Dauntlessly outspoken, Gao had staunchly advocated constitutional reform and human rights in authoritarian China for most of the past decade. Jailed, tortured, and spied upon by police until vanishing 14 months ago, Gao now hopes “to seek the goal of peace and calm.” While he hopes to hand his beacon of freedom’s watch to another, he hopes, more, for the chance to repair the “broken string” and find a secure life with his family. http://wtopnews.com/?nid=105&sid=1863551
Security, family, visions of a future which could be, of a present which is, of a past, which, perhaps, could have been better, or ought not to have been... In the developing world, in the developed world, people walk, talk, live their lives—and hope for a better future.
Do people everywhere know or advocate for zero-footprint, non-polluting, renewable energy; for organically produced, vertically-sacked, inter-planted, non-mono-cultured food? Do people everywhere long for charcoal/silver-nitrate filtered, or membrane/osmosis-filtered water supplies; for transparency, constitutional reforms, global human rights; do people long for sustainability?
Perhaps they do. Perhaps not. Perhaps, without the catch words and phrases, a thirst for change, for something better, strives for life, because of, or despite the education received--or the lack of education. Not everyone is armed and ready for battle; and, as with Gao Zhisheng, some warriors grow weary, sustain too many wounds to continue with their struggle to evoke change.
We here on EVOKE have a unique opportunity, a moment in time, a chance to work with our brethren in EVOKE, and with communities around the world (if the vision holds true), to step up and step in and find a real pathway to persevere, to build security, to attain sustainability.
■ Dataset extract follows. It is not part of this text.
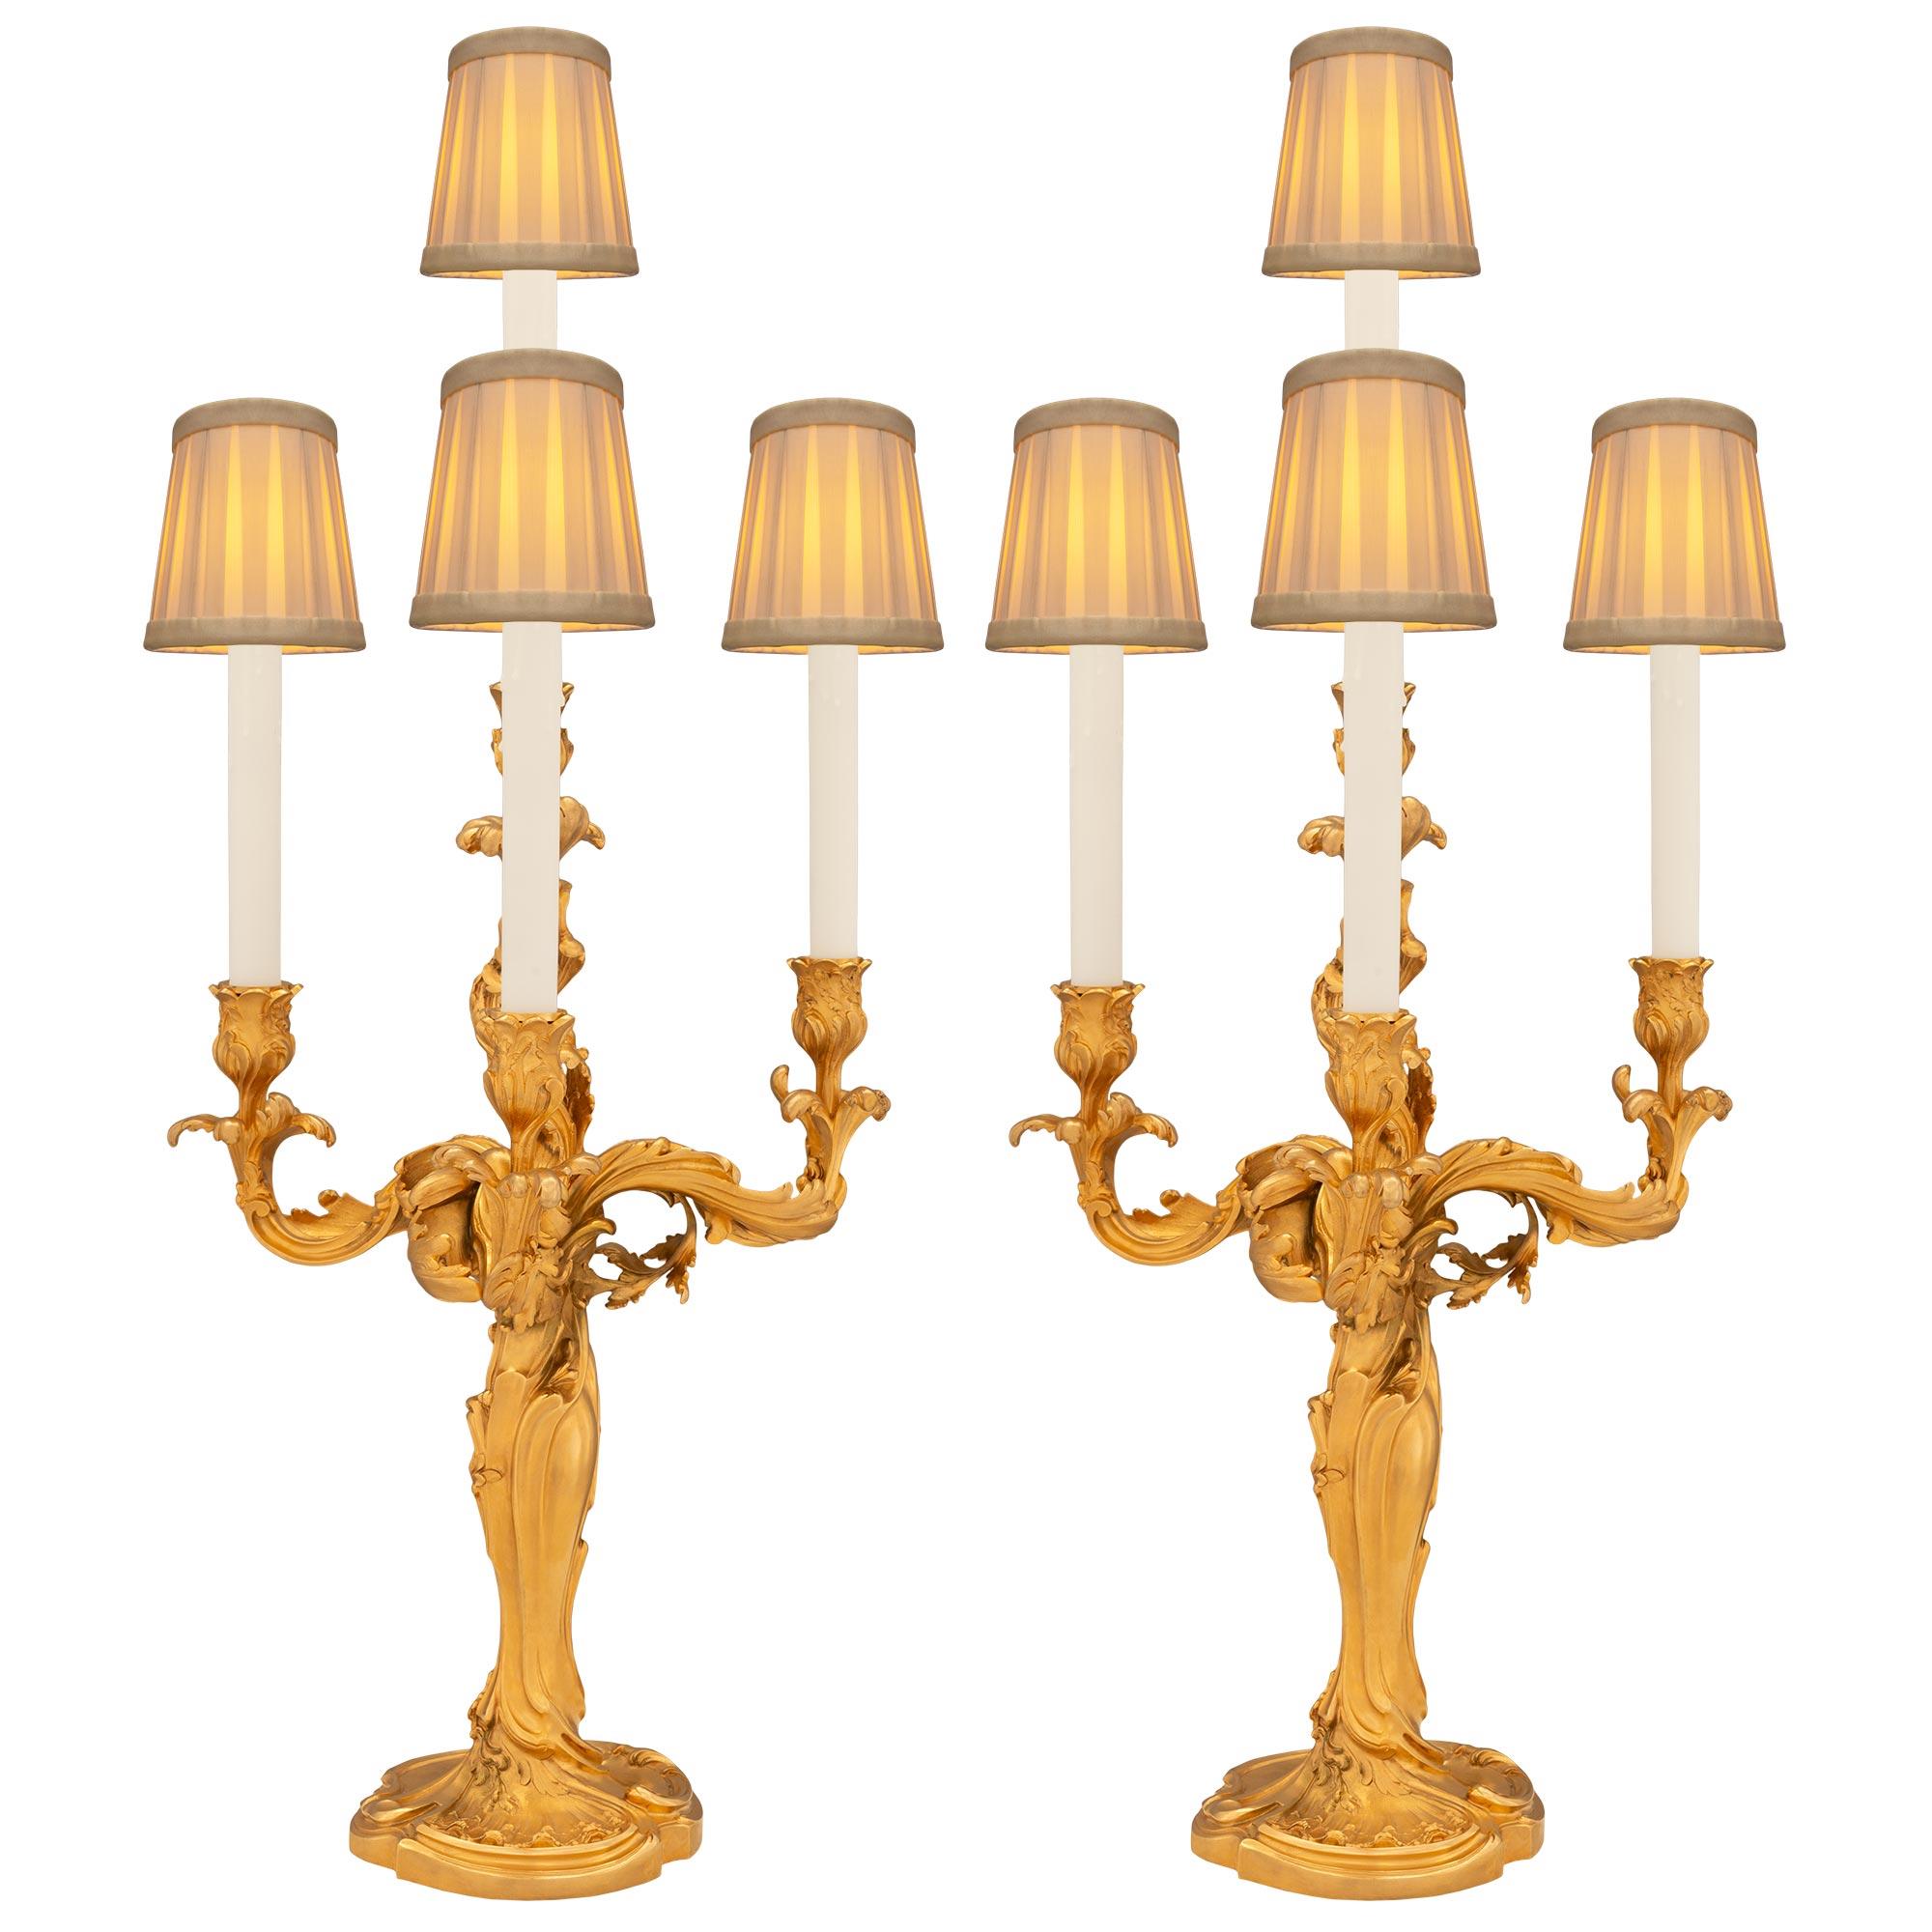 Une belle et grande paire de candélabres en bronze doré Louis XV de la fin du 19ème siècle, signée E. Lelivevre et coulée par la Fonderie Susse Frères. La paire de candélabres électrifiés à quatre bras repose sur des bases circulaires avec des

And, maybe, to pursue something more.
Part of the concept “the pursuit of happiness” steps beyond freedom, beyond the more-recently-named “global human rights,” returning to a past, and harkening to a future where values are more closely shared, where diversity is not a diminishment or a detriment, but a declaration. “The Pursuit of Happiness” presents a concept that we have not only the opportunity, the right, the responsibility to uphold and share our collective, shared knowledge, issues of global human security (again, food, water, environment, energy, economy), and global human rights (again, sustainability, education, religions/beliefs, freedoms…). We have also the opportunity, perhaps the right, perhaps the responsibility, to work with our families, our friends, our communities—with the communities we would serve, to see if we can not only sustain, but flourish.
In the words of Nelson Mandela, “The greatest glory in living lies not in never falling, but in rising every time we fall… It always seems impossible until it's done.”